China II-Beijing by Dinos Constantinides (Diploma ’60, violin) received numerous performances this summer, including one by the Distinguished Concerts Orchestra International at New York City’s Avery Fisher Hall. In September, his Piano Concerto was premiered by the Louisiana State University Symphony with Michael Gurt (MM ’82, piano) as soloist. The following month included a performance of his Violin Concerto No. 1 by the Louisiana Sinfonietta and his Saxophone Concerto No. 1 and Symphony No. 6 by the Constanta (Romania) Symphony Orchestra.
La Jolla, a quartet by John Williams (’55, composition), received its premiere at the Museum of Contemporary Art San Diego’s Sherwood Auditorium as part of the La Jolla Chamber Music Society’s Summerfest. The piece was dedicated to violin faculty member Cho-Liang Lin (Pre-College ’77; Diploma ’82, violin); movements of it were also dedicated to Deborah Hoffman (BM ’82, MM ’83, harp) and John Bruce Yeh (BM ’80, clarinet). The musicians were joined by cellist Joshua Roman for the performance.

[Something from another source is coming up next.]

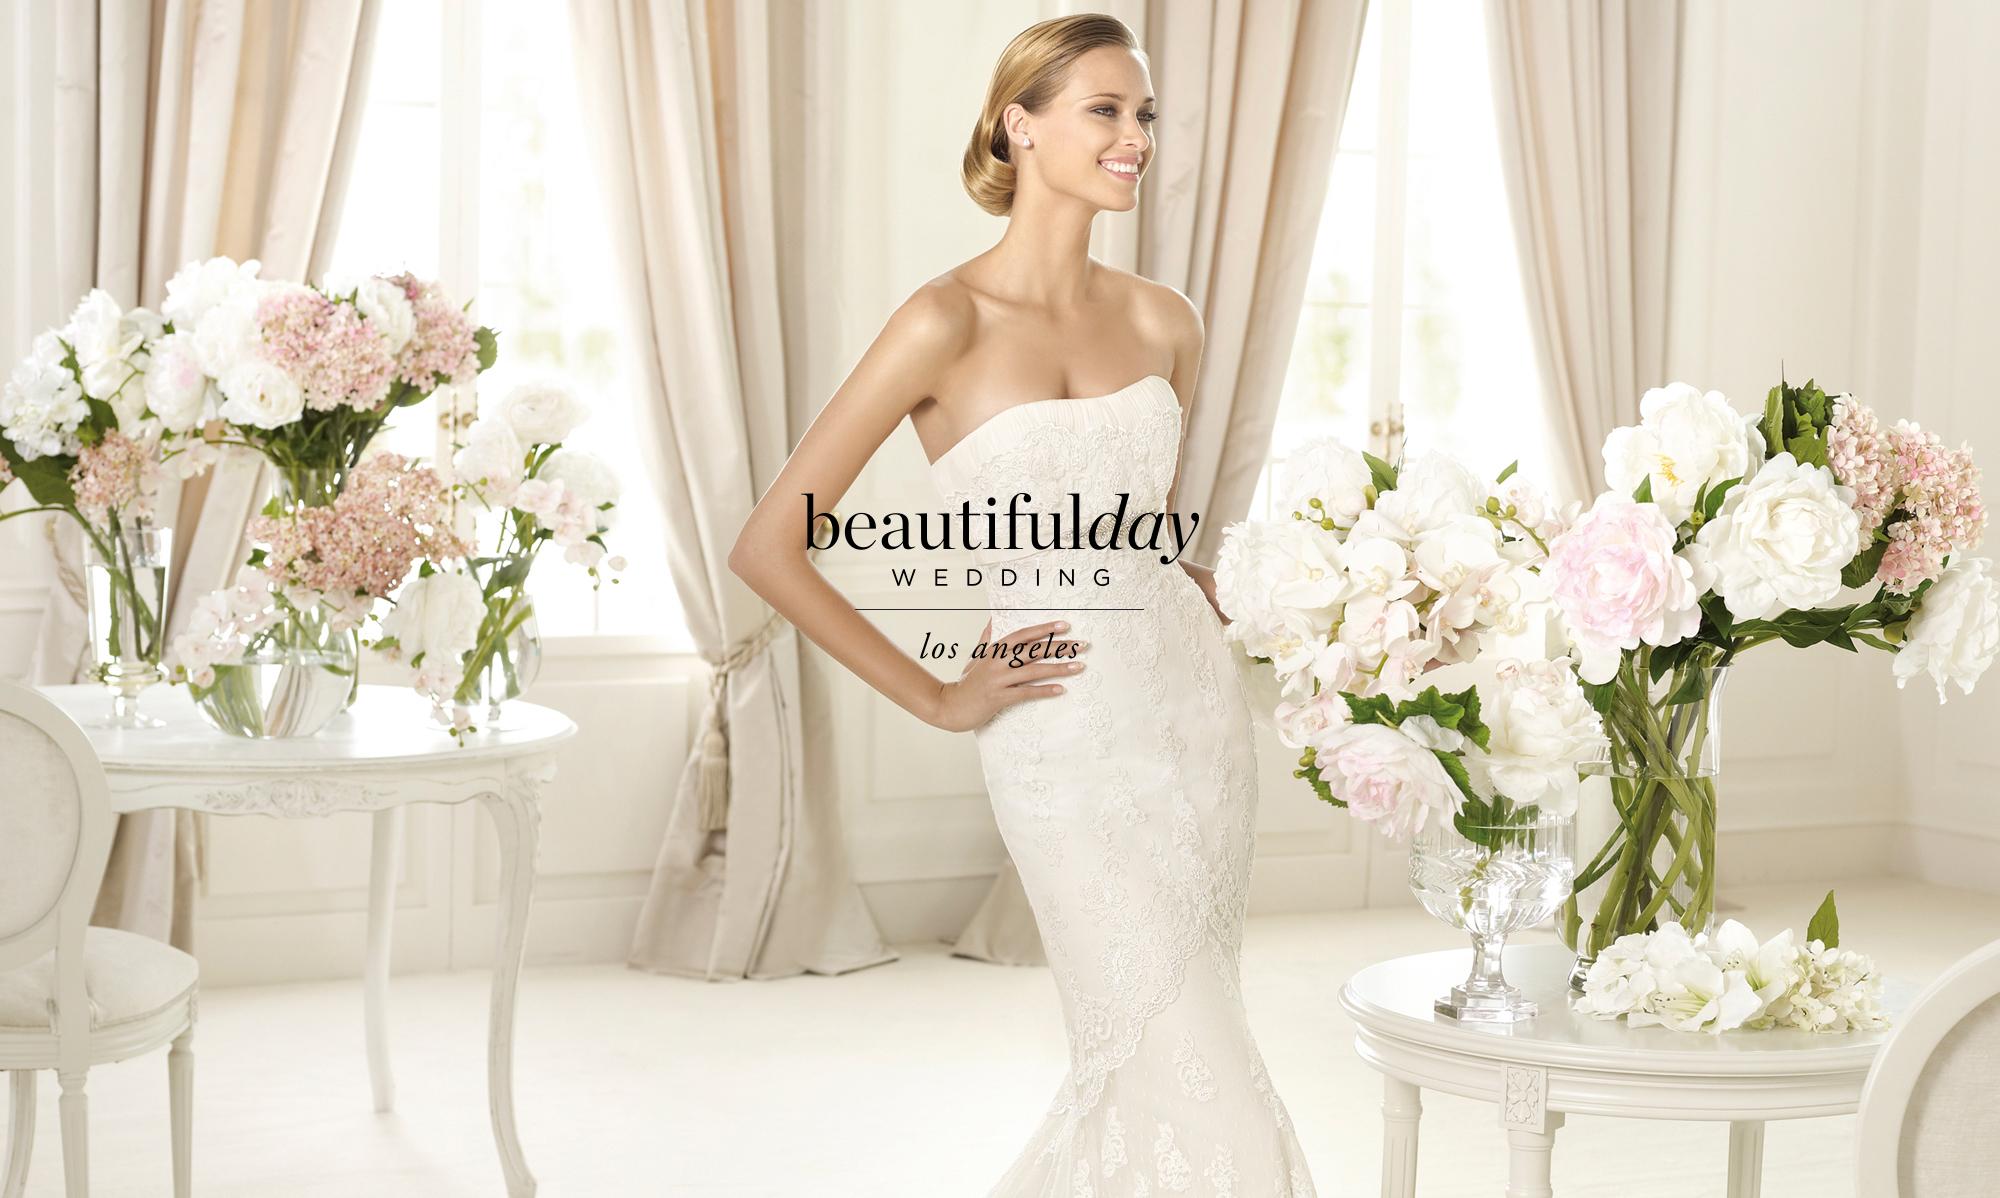 Best Of Wedding Dresses In Los Angeles – Wedding

Henry Grimes’s (’54, double bass) fall schedule included a four-night residency with the Chicago Modern Orchestra Project and a 30-minute solo improvisation in Aldo Tambellini’s installation Black Zero at the Chelsea Art Museum in New York City. His schedule also includes performances in England, the Netherlands, France, Hungary, and Germany. For a complete list of performances, visit
Kenneth Bennett Lane (’51, voice) will be performing two solo recitals at the Lake Hiawatha, N.J., branch of the Parsippany Public Library. The first, on November 5, will feature “catchy, upbeat melodies,” Lane wrote; his three-hour concert on December 3 will be titled Love as Expressed in All the Vocal Music Formats.
Doris Pines (Diploma ’47, Postgraduate Diploma ’49, piano) is a real estate broker with Century 21 on Long Island and also coaches performance-quality pianists.
Christian “Al” Jensen (’46, oboe) writes that he attended Juilliard for two years and served in the Army Air Force before moving back to his hometown, Dallas. Before leaving New York, Jensen played oboe with the NBC Symphony “as a result of Harold Gomberg’s recommendation as he was my teacher and best friend.” (Gomberg was on the Juilliard oboe faculty from 1947 to 1977). Jensen graduated from Southern Methodist University in 1948 and then moved to Enid, Okla., where he opened a music store that he closed in 2007 after his wife of 55 years became ill. He was a professor of oboe at Phillips University in Enid from 1969 to his retirement, in 1995, and in 2010 became an adjunct professor of oboe at Northwestern Oklahoma State University in Enid and Alva. Jensen, who received the Oklahoma governor’s arts award in 1984, reports that he is “still teaching, playing, and feeling great,” and that he has 11 oboe students. “Juilliard has always opened so many doors for me.”
In July, Bernard Zaslav’s (Diploma ’46, violin) memoir, The Viola in My Life: An Alto Rhapsody, was published by Science & Behavior Books. The book comes with two full-length CDs with recordings by the Zaslav Duo and various string quartets of which Zaslav has been a member.